_What you should do_
Would you restate the listing word for word, with the images omitted?

_The data_
-*-*-
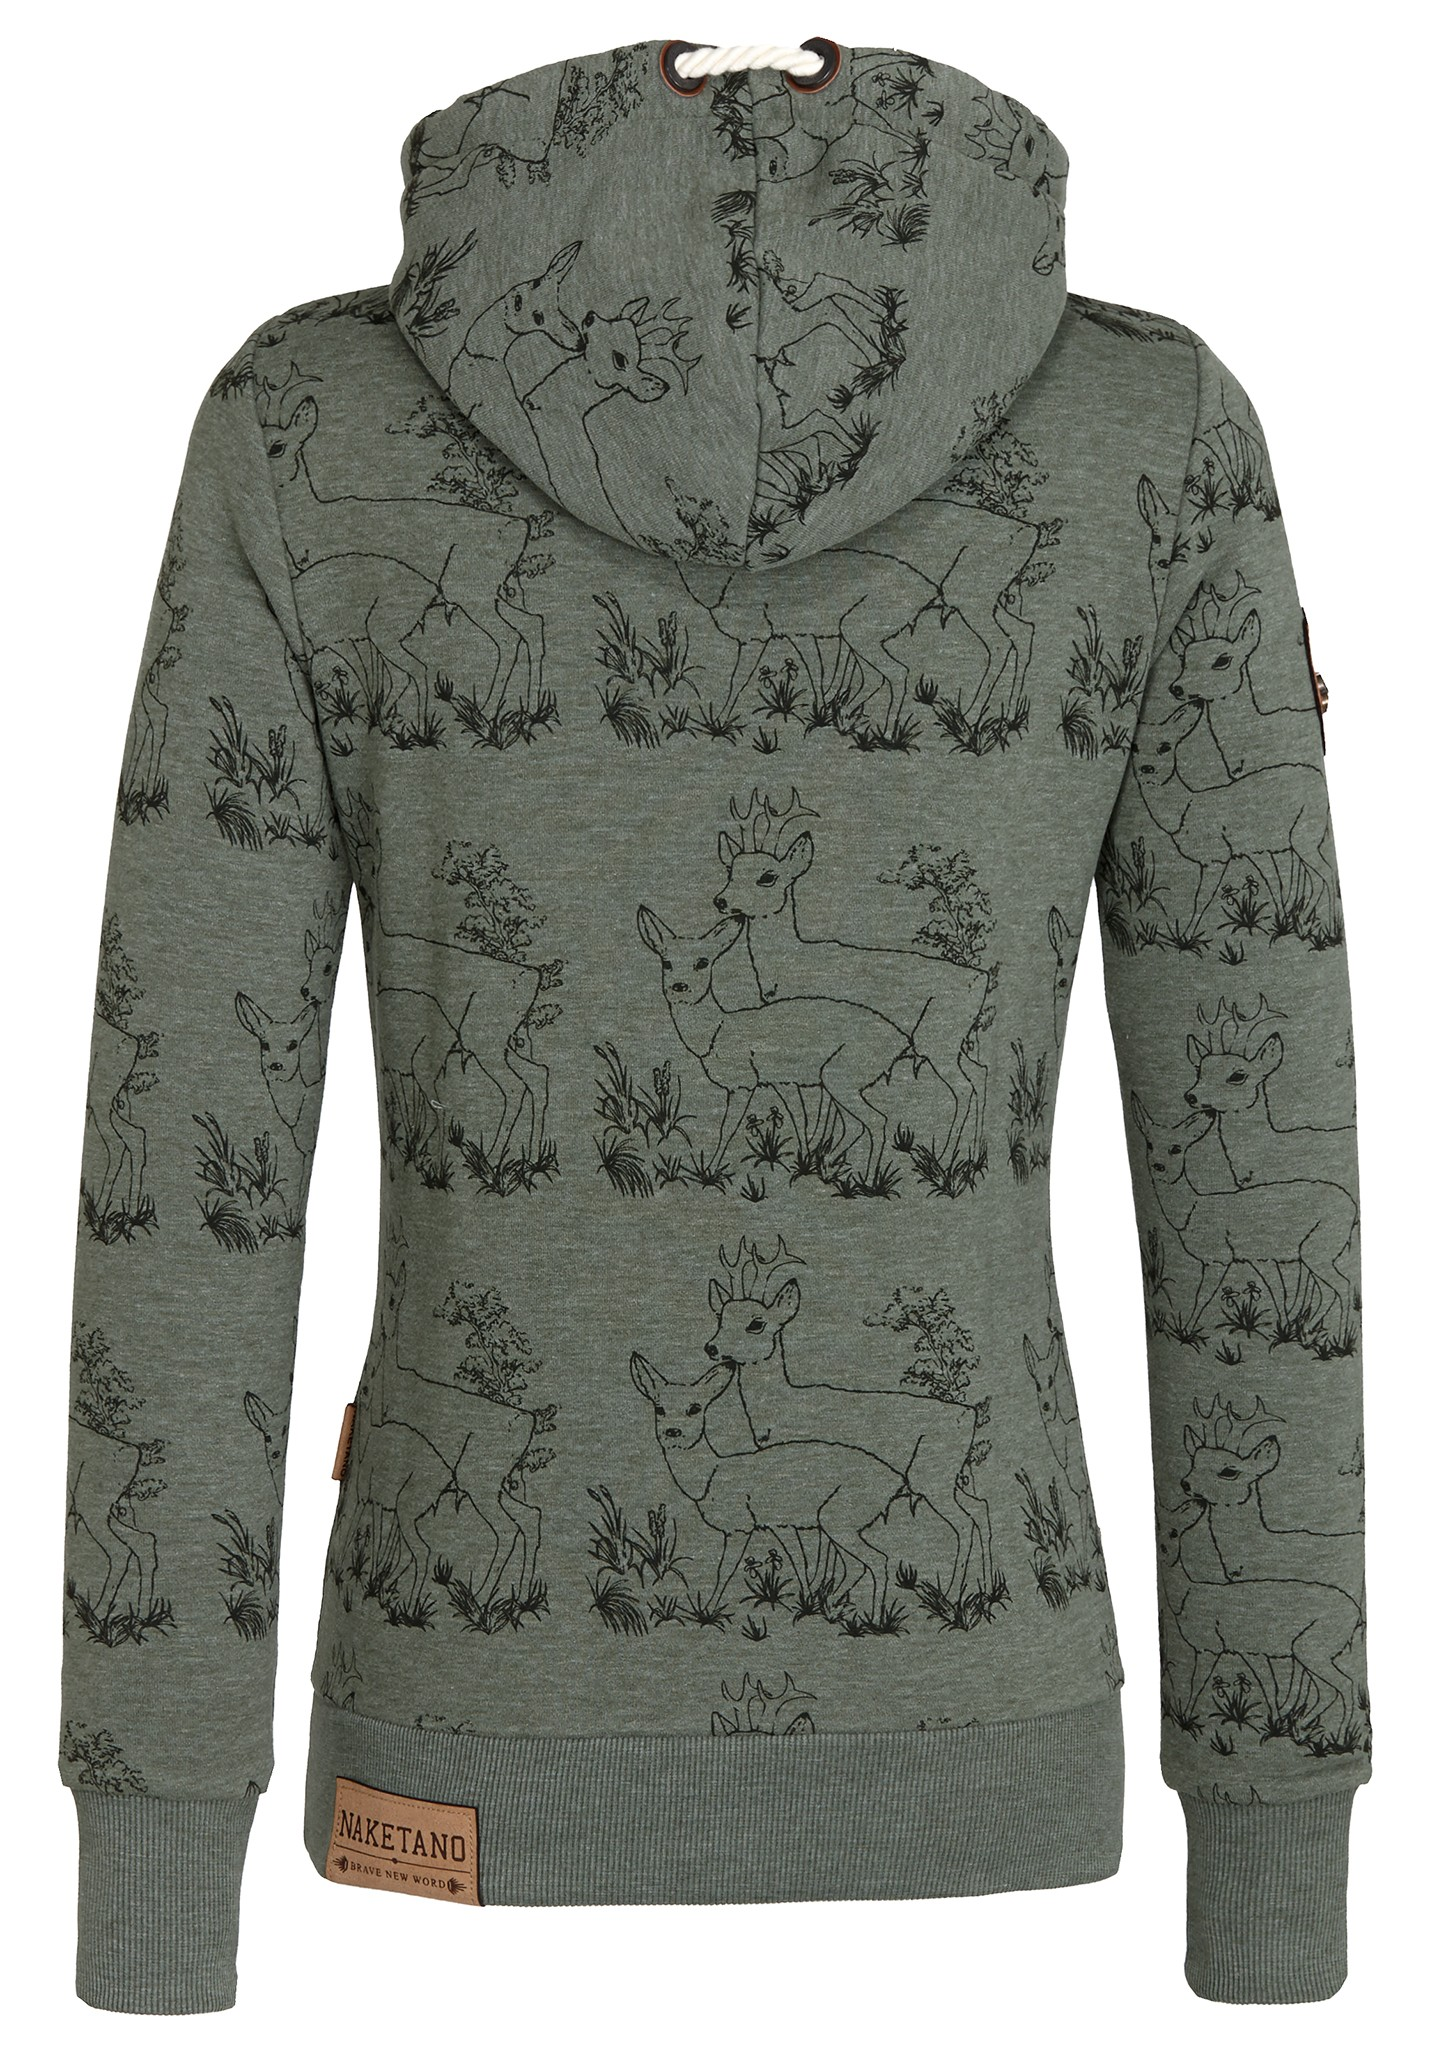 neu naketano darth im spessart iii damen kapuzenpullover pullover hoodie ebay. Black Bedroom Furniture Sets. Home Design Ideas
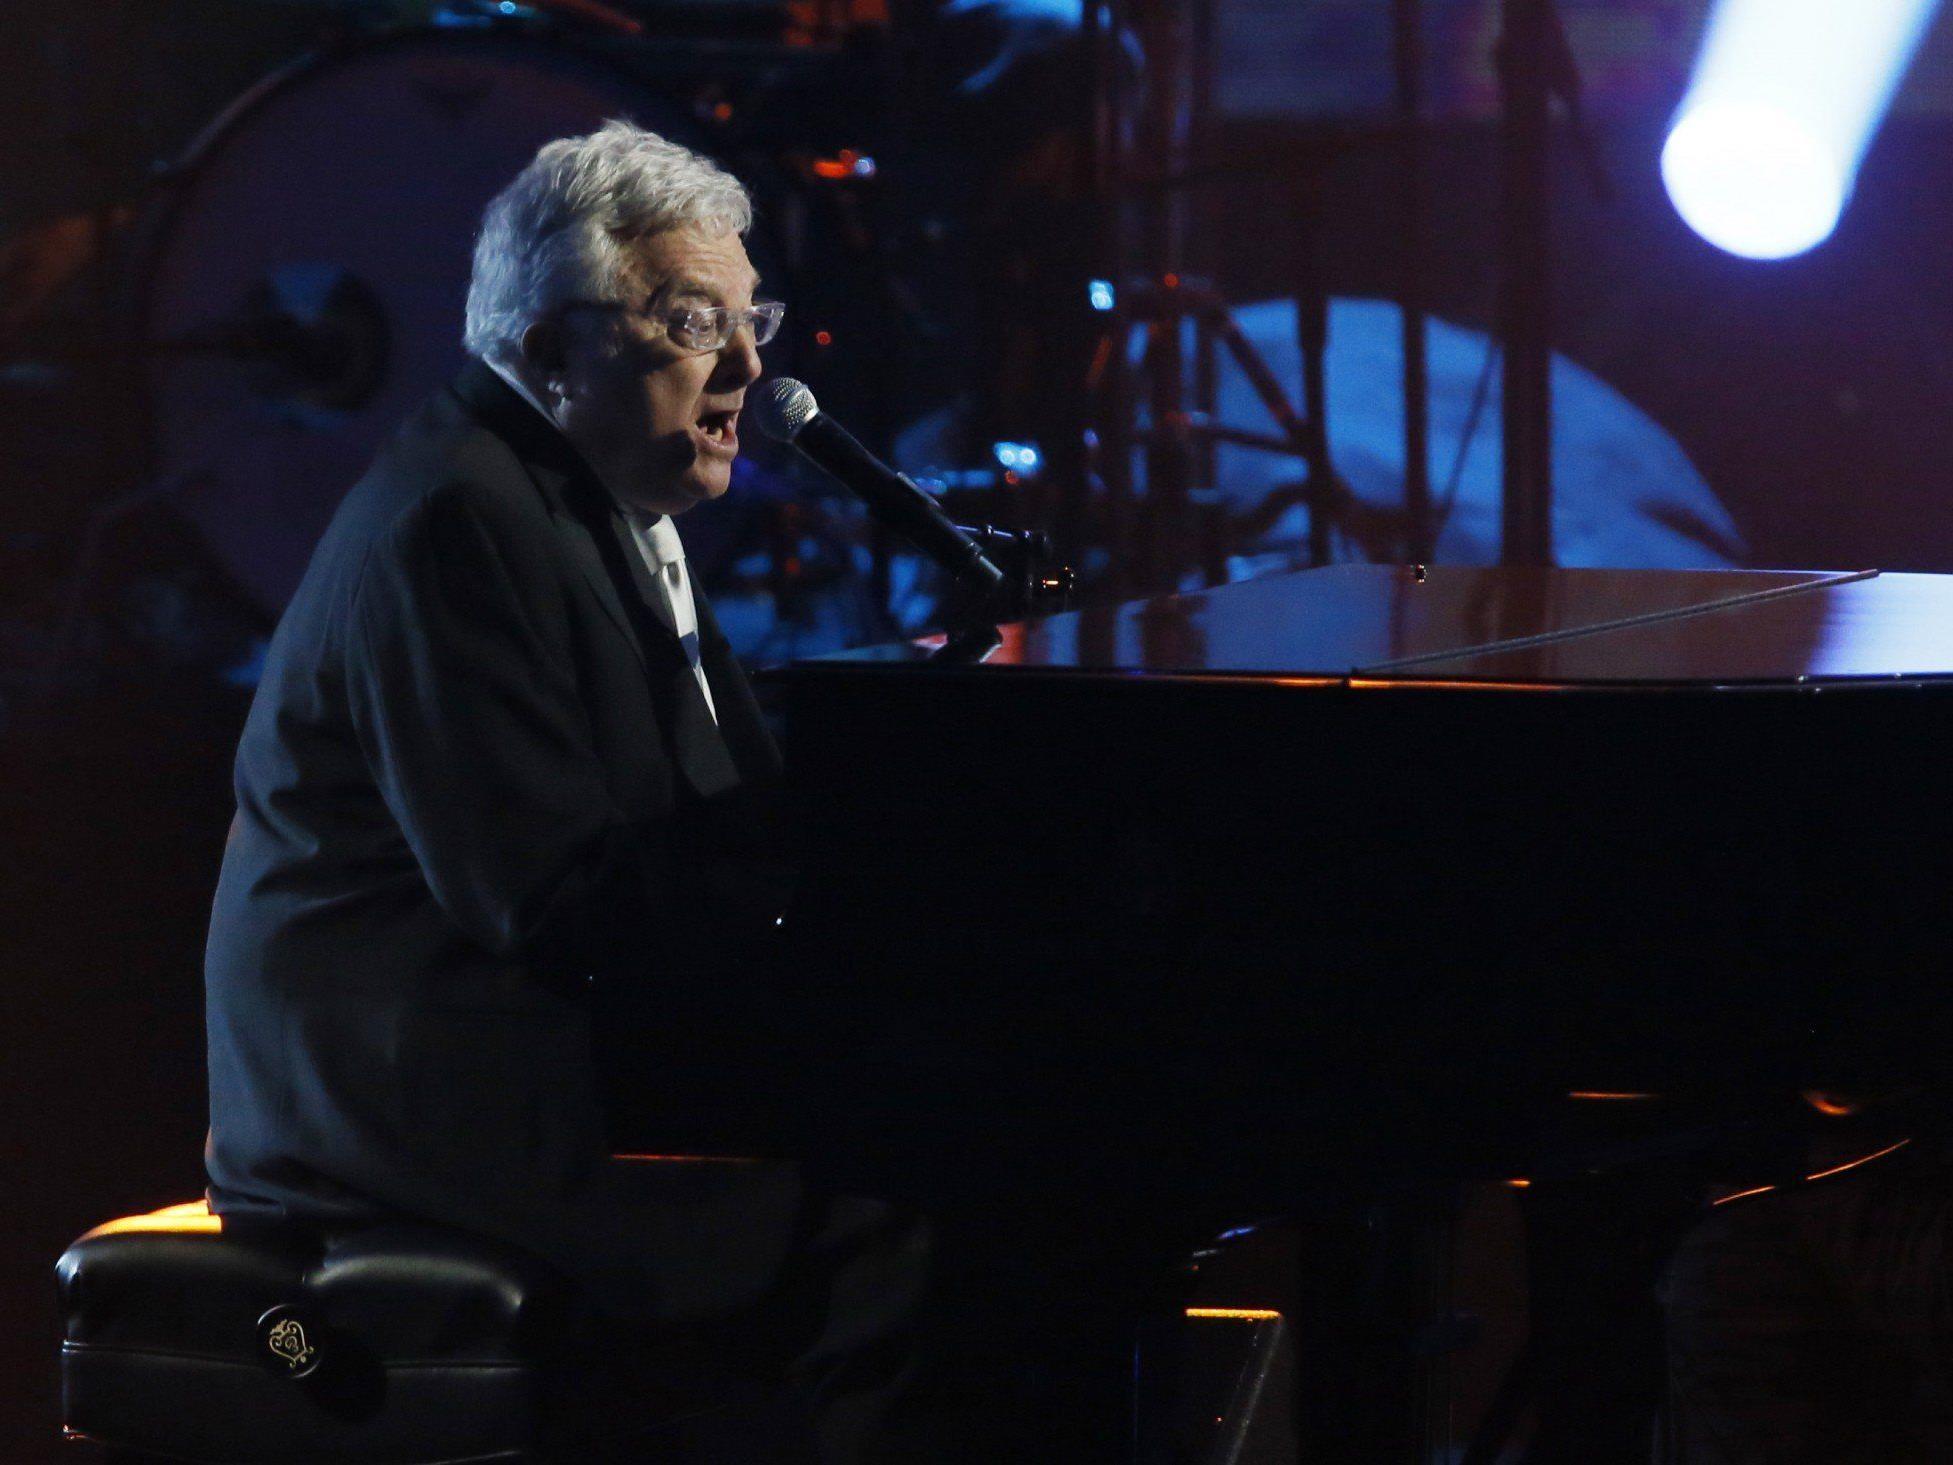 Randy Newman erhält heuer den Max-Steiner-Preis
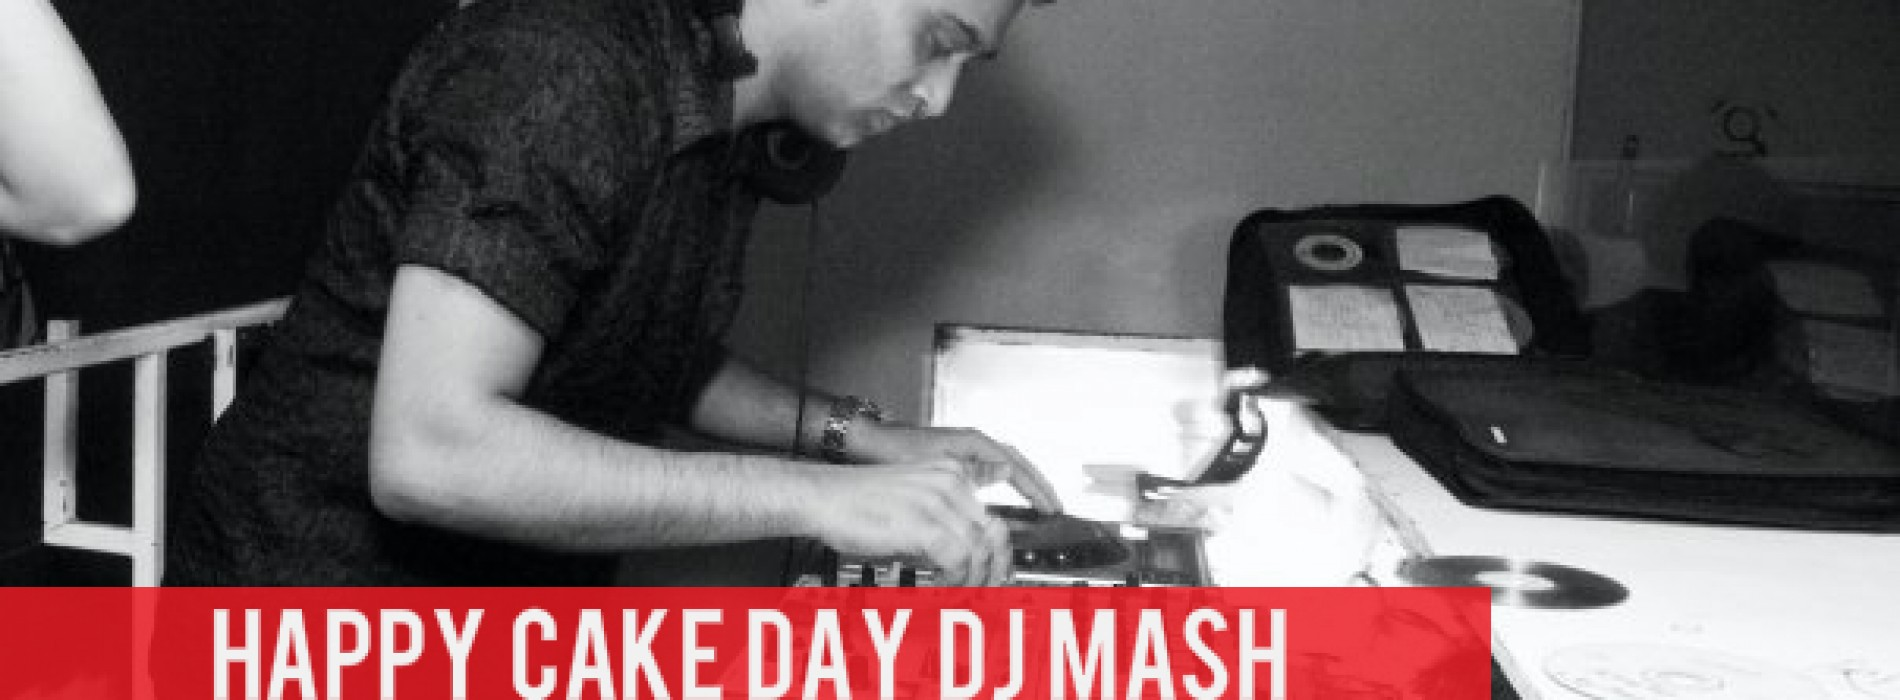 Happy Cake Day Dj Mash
-*-*-
_Written solution_
 neu naketano darth im spessart iii damen kapuzenpullover pullover hoodie ebay. Black Bedroom Furniture Sets. Home Design Ideas
 Randy Newman erhält heuer den Max-Steiner-Preis
 Happy Cake Day Dj Mash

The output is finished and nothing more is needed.